For propagating the carry flag, most processors have incorporated instructions which
takes into account the previous setting of the carry flag, for instance SBC - subtract
with carry where SBC A,B means A=A minus B minus Carry-bit. There is however,
another flag that needs to be propagated in order to be able to correctly do all
conditional branches. This is the Zero flag.
Example:
A=R3:R2:R1:R0, B=R7:R6:R5:R4
We want to subtract B from A and jump to a specific location if A is equal to B. If the
Zero flag is only dependent on the last arithmetic instruction, the following sequence
will not do:
SUB R0,R4
SBC R1,R5
SBC R2,R6
SBC R3,R7 ; R3=R7 => Zero flag set
BREQ destination
since the flag settings present during the BREQ instruction only depends on the flags
set by the last SBC instruction. If the most significant bytes are equal, the Zero flag
will be set and the branch will be done, even if the 32 bit numbers are not equal. This
problem also applies to other conditional branches.
There are two ways of overcoming this problem. One is to save the flags produced by
each instruction, and then check all the zero flags after the fourth subtraction is done.
The other, more elegant way, is to propagate the zero flag in the carry instructions like
this:
Znew =Not(R7) AND
Not(R6) AND
...
Not(R0) AND
Zold
By propagating the Zero flag in this way, all conditional branches can be done after the
final subtraction, since all the rest of the interesting flags (overflow and positive flag)
are only dependent on the most significant byte.
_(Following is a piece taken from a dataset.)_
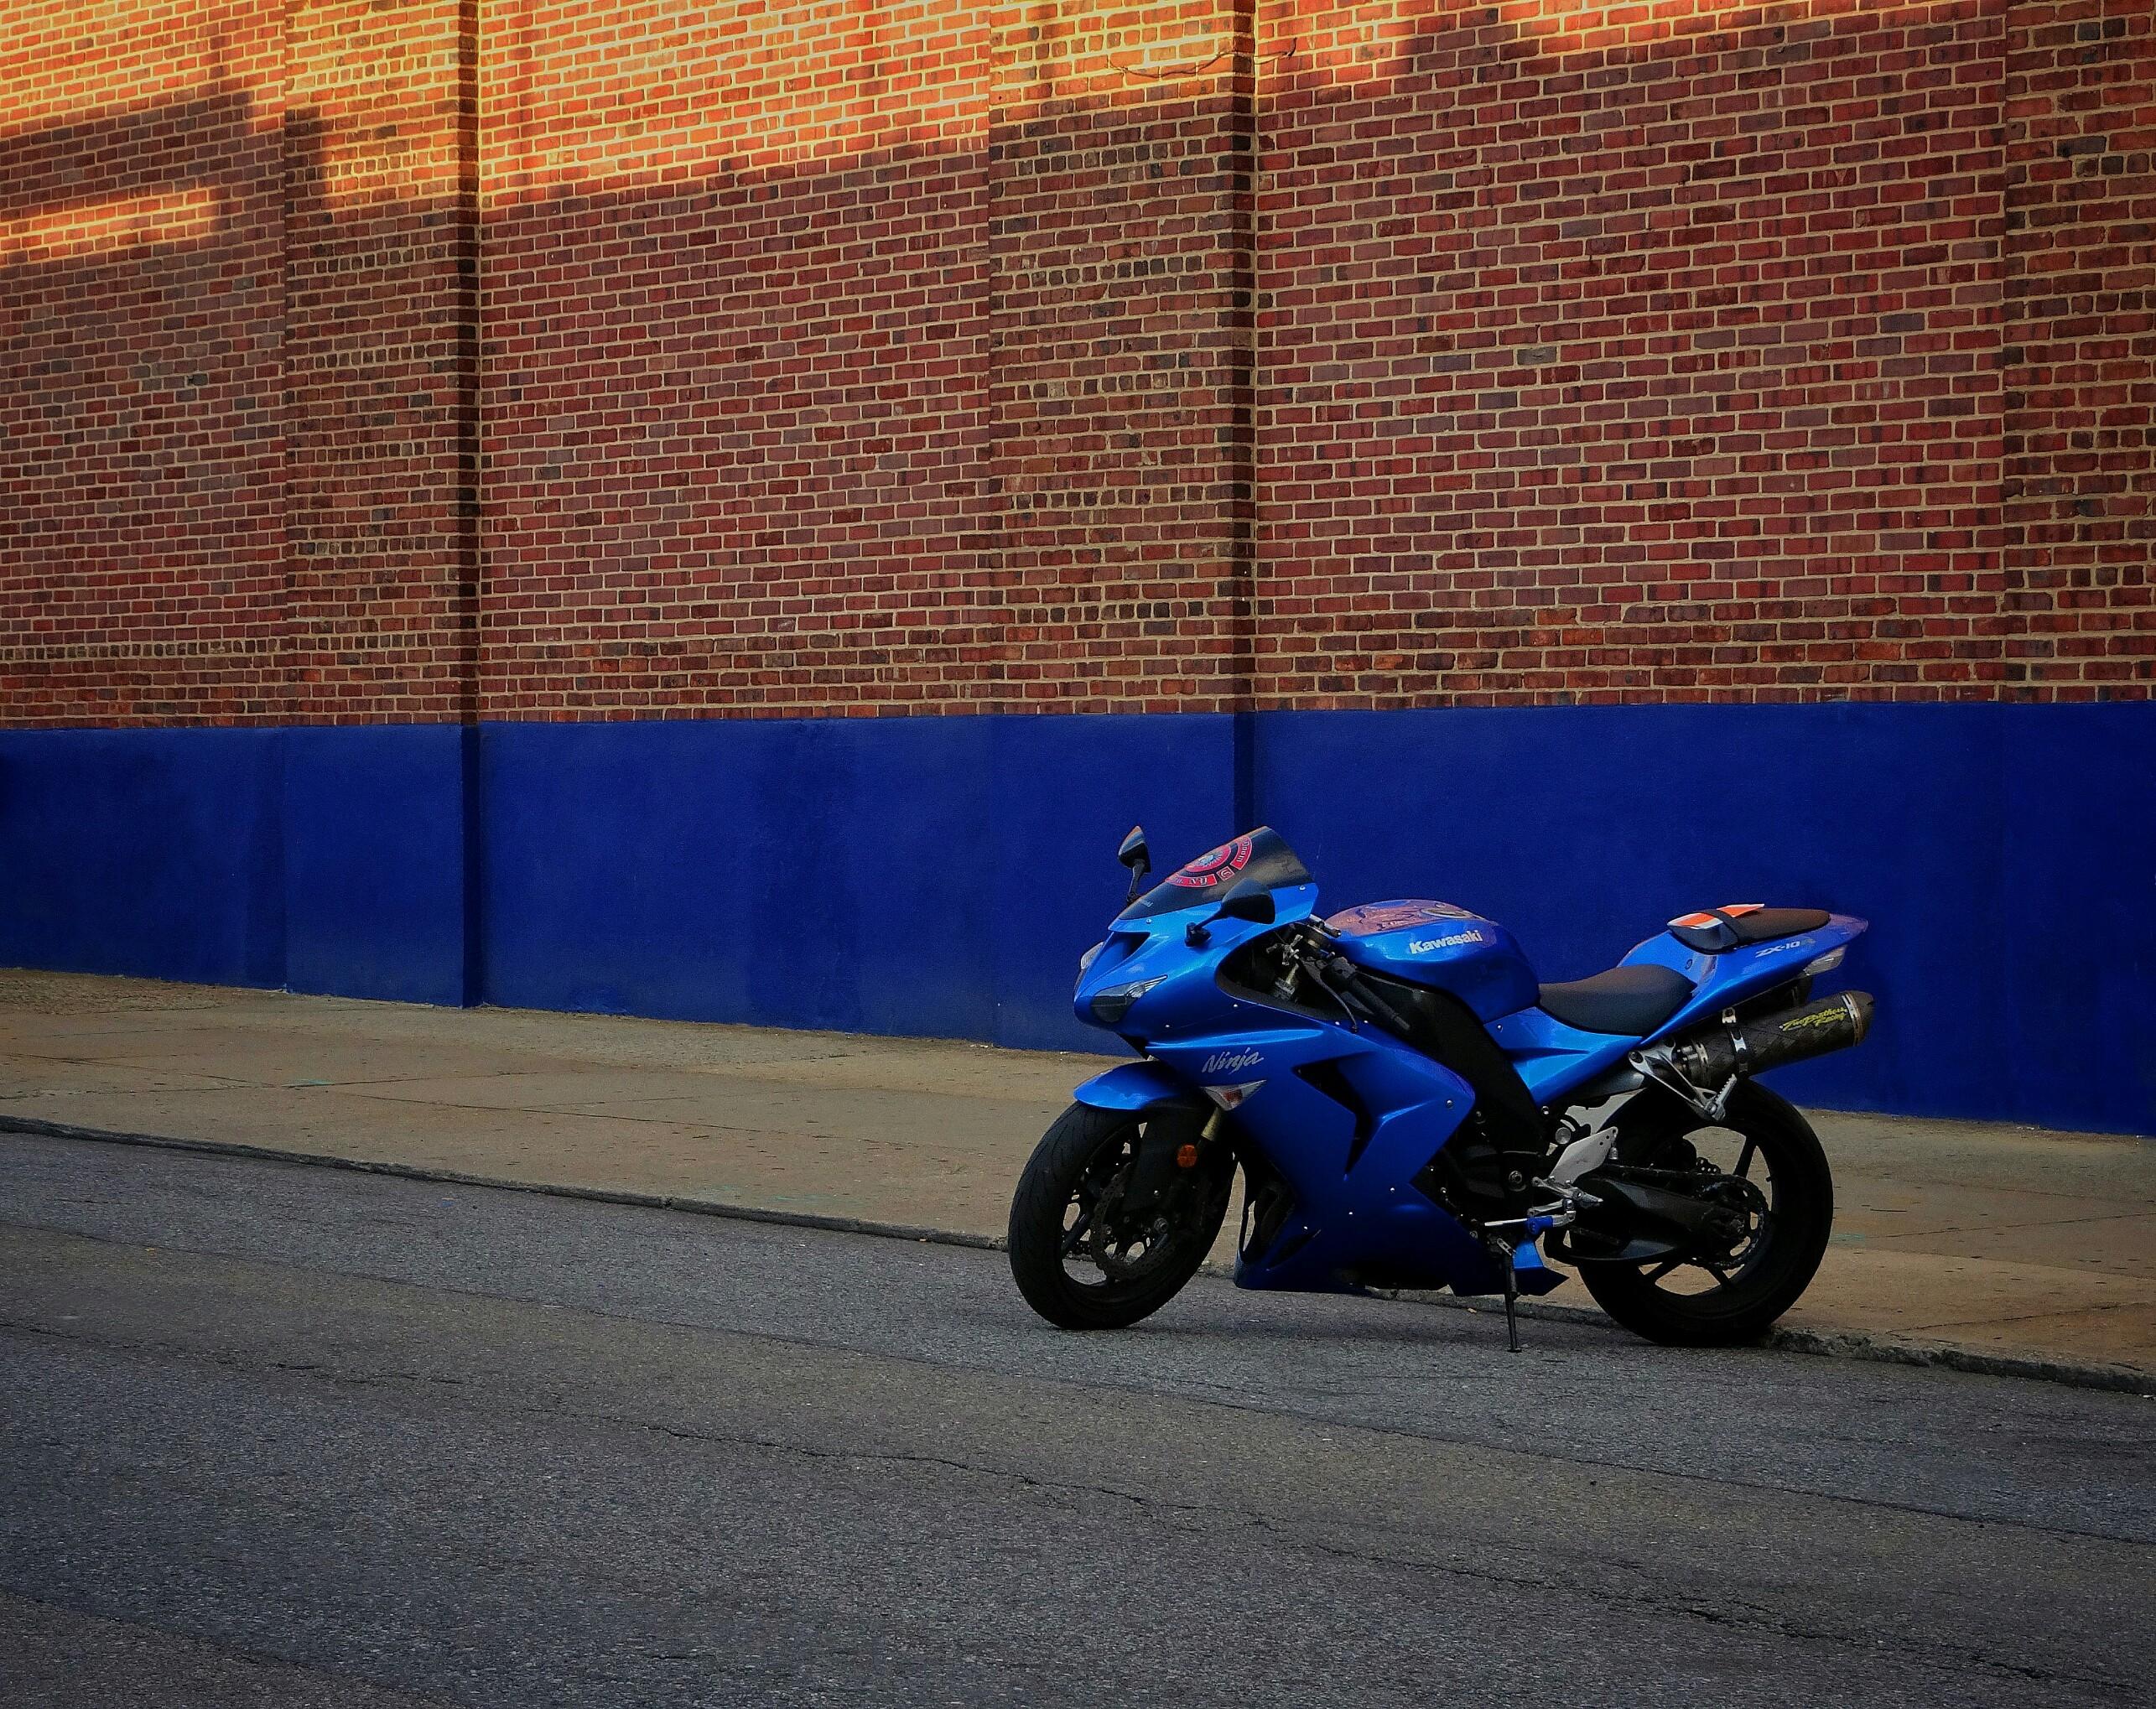 Motorbike Wall Stickers Ninja Kawasaki Blue Motocycle Motorbike Royalblue Wall

Tuning the arithmetic instructions
Some tuning of the arithmetic instructions was also done. This tuning is described
here.
Addition and subtraction
We originally planned to have both addition and subtraction with eight bit constants -
ADDI and SUBI. We did, however, not have space for having Carry instructions with
constants, so a 16 bit add with a constant would look like this:
ADDI R16,0x44
LDI R18,0x55
ADC R17,R18
An addition can, however, be realized as a subtraction and vice versa, so it was
decided that the ADDI instruction should be changed to a SBCI instruction, thereby
enabling 16 and 32 bit additions and subtractions with constants, thereby reducing
code size substantially in 16 and 32 bit cases and with no code size penalty for 8 bit
cases.
Compare with constant
The original instruction set did not include any instruction for comparing a register
with a constant. In order to do such an operation, a constant had to be loaded into a
register, and then the two registers could be compared. This is a very frequently used
operation, and as a result of removing one of the original addressing modes, space was
found in the instruction coding for this instruction.
Non-destructive comparison
If you want to compare two eight bit numbers, then this can be done by using a
compare instruction. If you want to compare 16 or 32 bit numbers however, you
would originally have to compare use subtraction with carry in order to get the flag
setting right. The problem with using subtraction with carry is that it overwrites the
contents of one of the numbers you are comparing. One solution to this problem is to
copy this number over to new locations before subtracting, but such a solution will
require more instructions and will use more registers. In order to overcome this
problem, we decided to include a Compare with carry instruction, thereby enabling
nondestructive comparison of numbers larger than eight bit.